Bien qu’il soit si peu connu en Occident, il s’agit probablement du plus grand mouvement populaire de l’histoire de la Chine, voire du monde. Jamais l’histoire de la Chine n’a connu un mouvement de ce genre, mêlant comme il le fait non-violence, haute technologie et conviction religieuse.

Il s’agit d’une histoire qui, une fois terminée, sera probablement racontée en Chine aux générations futures.

Coercition et crise

À la fin de l’année 2001, les Falun Gong en Chine se sont retrouvés au cœur d’une campagne de style maoïste visant à “éradiquer” leur groupe de méditation. Pour beaucoup, les jours les plus sombres du régime communiste étaient de retour.

C’est cette année-là que les dirigeants chinois ont officiellement approuvé “le recours systématique à la violence contre les Falun Gong”, selon le Washington Post, le tout conjugué à “un réseau de cours de lavage de cerveau” et à une campagne visant à “éliminer les pratiquants quartier par quartier et lieu de travail par lieu de travail… Aucun membre du Falun Gong n’est censé être épargné”. Le Washington Post a révélé que James Ouyang, un ingénieur en électricité âgé de 35 ans, et que d’autres pratiquants ont, comme lui ” ont été passés à tabac, électorcutés à l’aide de matraques électriques et ont dû subir des pressions physiques insupportables.” Un responsable du Parti qui avait conseillé cette politique en faveur de la répression a déclaré : “Toute la brutalité, les ressources et la force de persuasion du système communiste sont utilisées – et celà a un effet.”

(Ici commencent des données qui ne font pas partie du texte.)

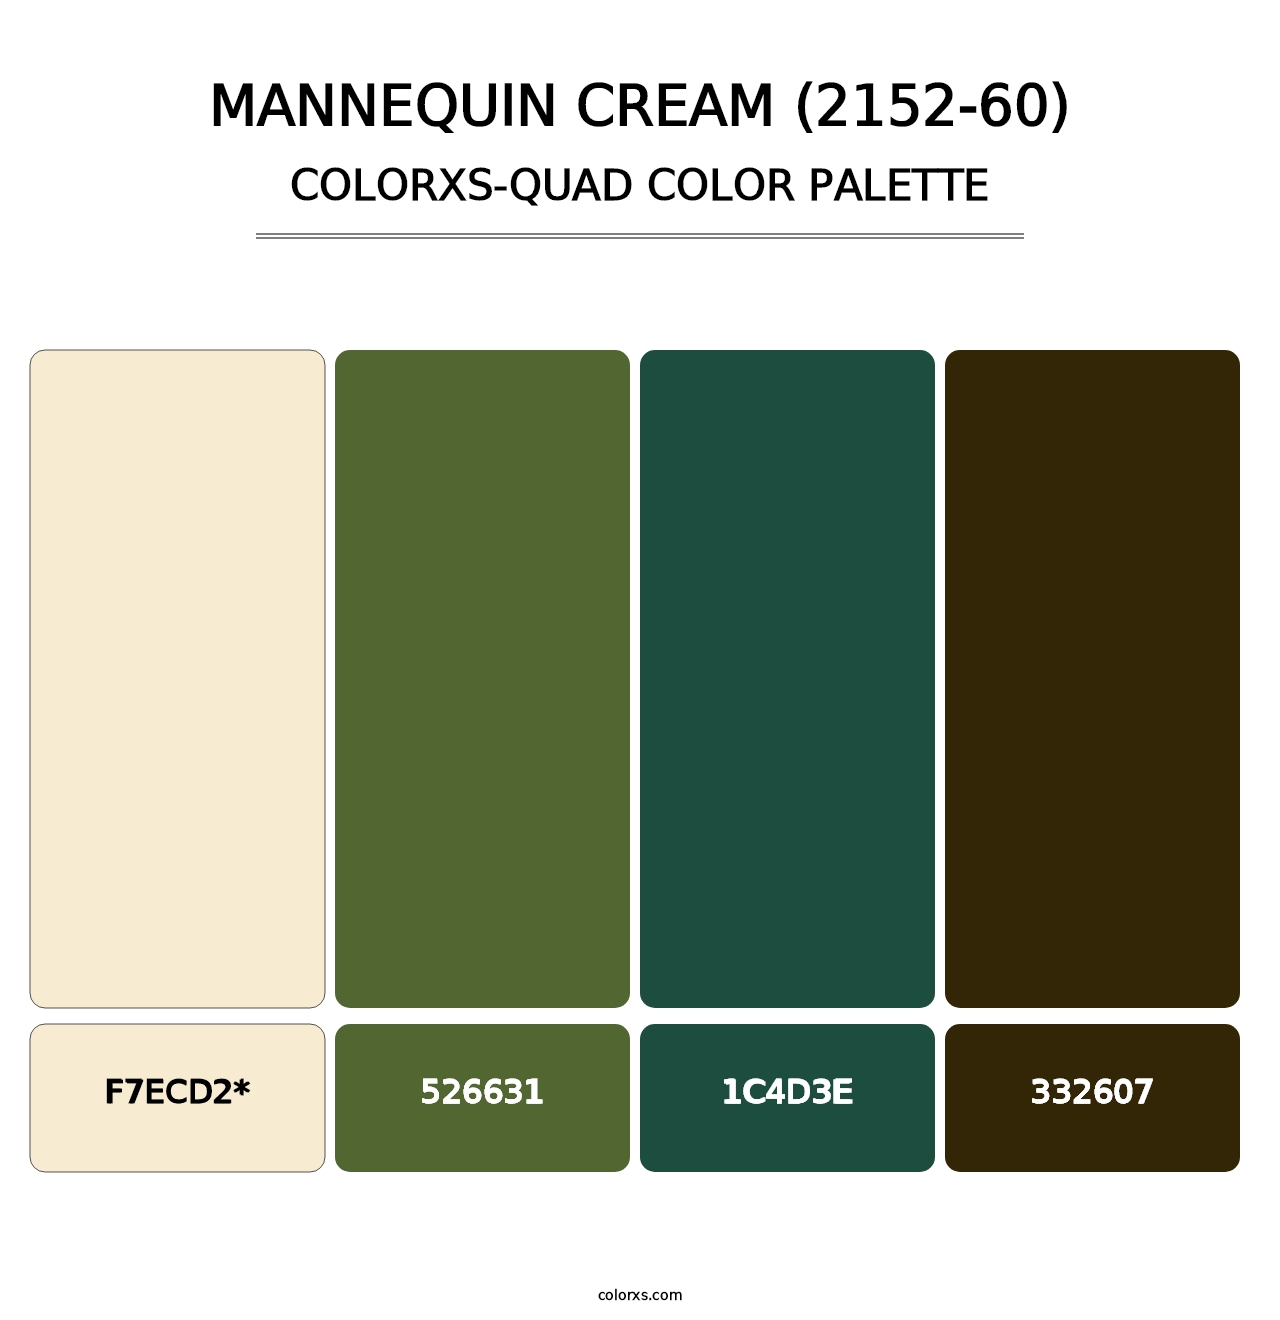 Mannequin Cream (2152-60) - Colorxs Quad Palette

Et c’est ce qu’il semblait. James Ouyang, comme le rapporte l’article du Washington Post, avait, au moment de sa libération du camp de travaux forcés, dénoncé les enseignements du Falun Gong et rejeté la pratique. Il avait rejoint les rangs des “réformés”, comme les appellent les fonctionnaires du Parti. Statistiquement, sa rupture avec la pratique signifiait un pratiquant de Falun Gong en moins.

Mais était-ce vraiment ce que Ouyang voulait ? Était-ce l’expression de sa propre volonté, d’un libre choix, ou d’une prise de conscience? Pas vraiment.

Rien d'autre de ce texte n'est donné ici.